Gentlemen, I really must protest. Network Appliance plays very nicely in a SAN environment and is working very actively on solutions and with partners in that area. May I respectfully refer you all to www.netapp.com/news/press to the announcement dated 02/02/2000. Six leading Storage Vendors Introduce the first NAS & SAN Data Protection Solution for Network Attached Storage Solutions, and may I respectfully refer you to www.vixel.com/NAS_SAN_EVENT/NAS_html which has a variety of articles and white papers, discussing their relationship with Network Appliance and how they work with us in SAN enviroments, and may I repectfully refer you to www.spectralogic.com/NetApp which also explains their relationship to Network Appliance and our integrated SAN solutions, and may I respectfully refer you to www.legato.com/News/index.html which has articles explaining their relationship with Network Appliance and our combined SAN-based architecture and solutions, and may I respectfully refer you to www.snia.org which has a new NAS work group and is also working on developing SAN standards. I would also like to reassure those of you, who have expressed a concern that Network Appliance is not planning future competitive products, that you are mistaken. Network Appliance is continuing to develop products which will compete sucessfully in both NAS and SAN environments.
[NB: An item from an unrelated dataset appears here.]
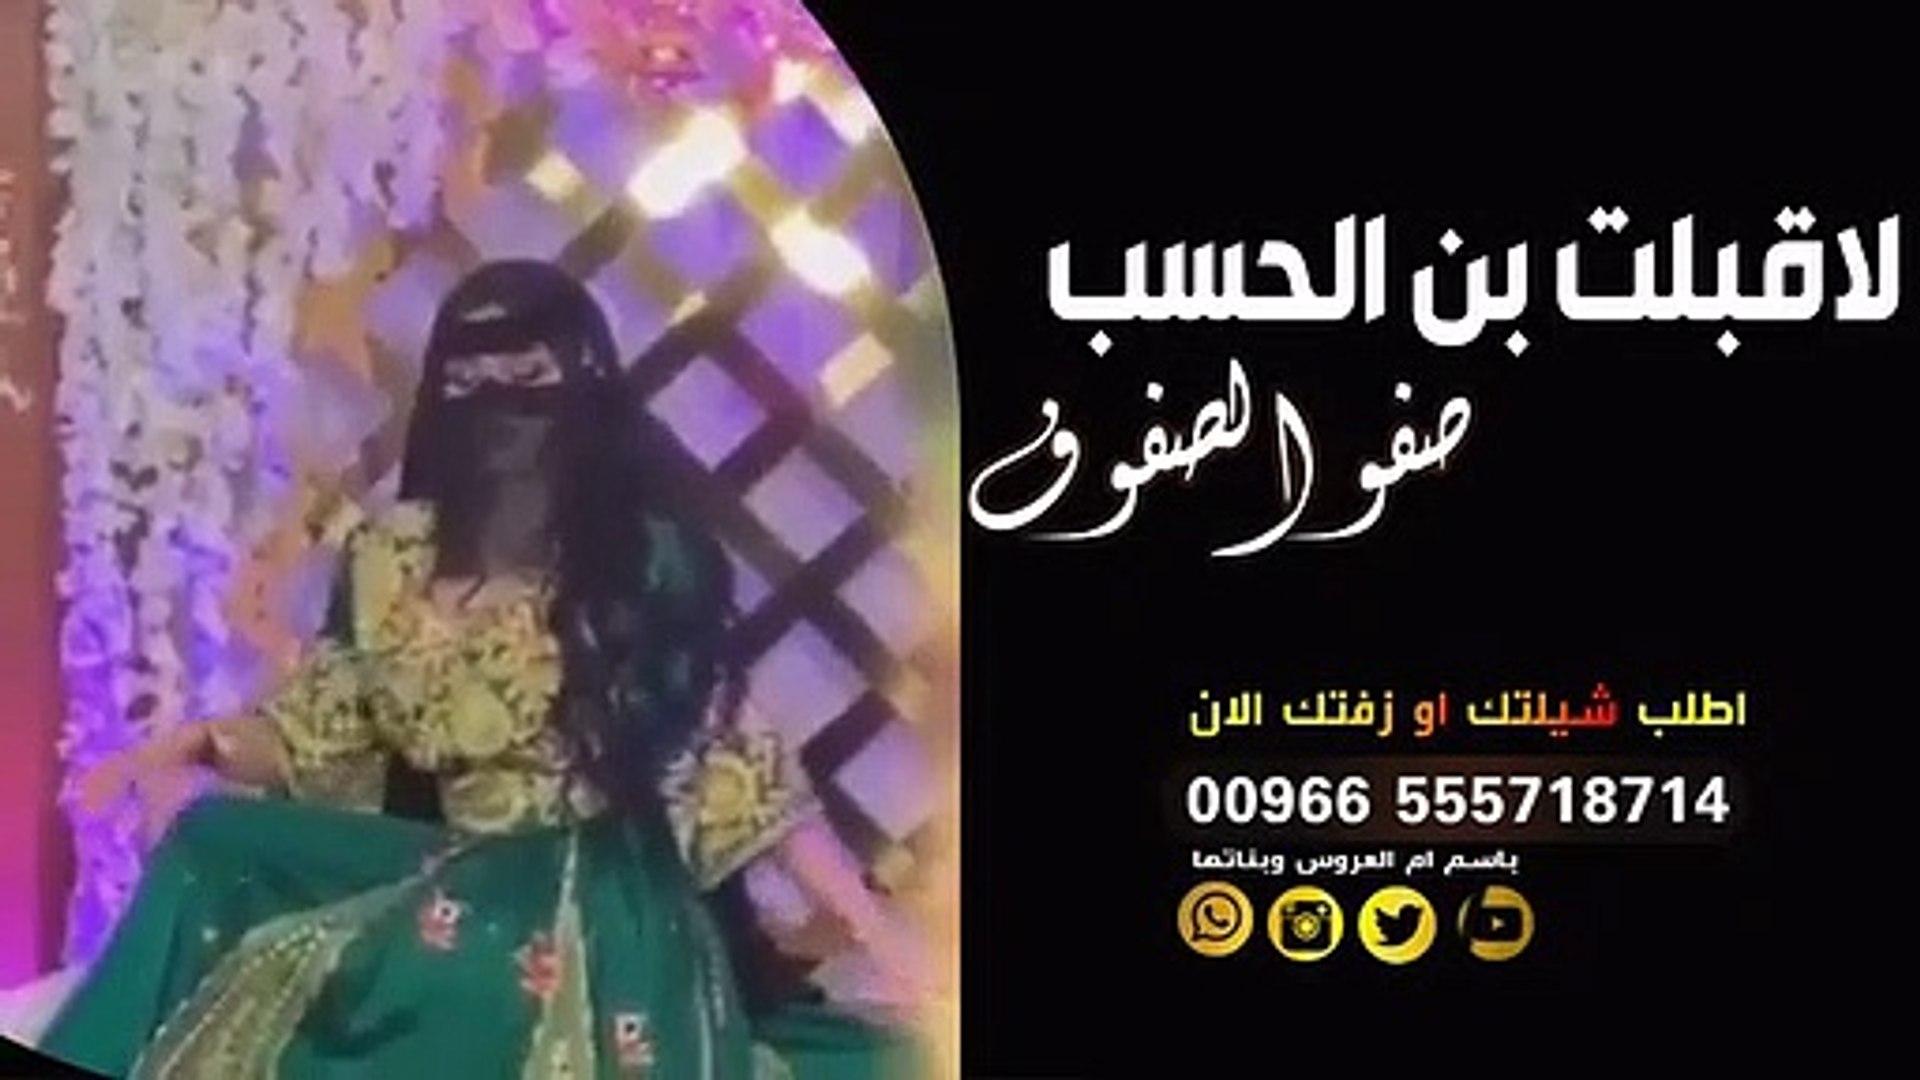 رقص بنات سعوديه عل شيلات سعوديه عراقيه 2019و♀️)ريم العبدالله . .    رقص بنات ساخن جدااااhttp://euns

-----Original Message----- From: Yael Hellmann [mailto:yael_hellmann@yahoo.com] Sent: Thursday, March 23, 2000 6:56 AM To: toasters@mathworks.com Subject: re: nas storage
Jeff probably hit the point - NetApp do not have a solution for SAN and I think that NetApp should re-think their direction. With more and more vendors competing in the nas /san domain, these products will be better and provide more functionality and better performance. The current connectivity limitations will be eliminated. With fibre fabric you will not be limited to the current limited implementation. I think that NetApps products are great but I am disappointed that they don't plan for future competitive products.
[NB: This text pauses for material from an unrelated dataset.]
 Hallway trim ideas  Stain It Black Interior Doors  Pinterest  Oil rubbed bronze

-----Original Message----- From: Jeff Van Cleave [mailto:jeffvc@icopyright.com] Sent: Wednesday, March 22, 2000 6:13 PM To: toasters@mathworks.com Subject: RE: nas storage
NetApp is not designed to compete with SAN - and yes, you cannot say that 100mb ethernet will compete with fiber channel.
However, direct attach has limitations in the number of servers it can connect to. At last check, EMC can connect with 32 systems. Hitachi can connect to a large number with a channel box (I don't know the high end limit). But you are limited by the length of cable between the SAN and the server.
Basically we approached using NetApp as a replacement for all of our NFS servers, and to some extent our data servers. For direct attach, we will probably go with Hitachi.
I think in any environment, both SAN and NetApp can be used effectively. It is not really an argument of which one is better, but what is your functional requirement and how will those needs be met.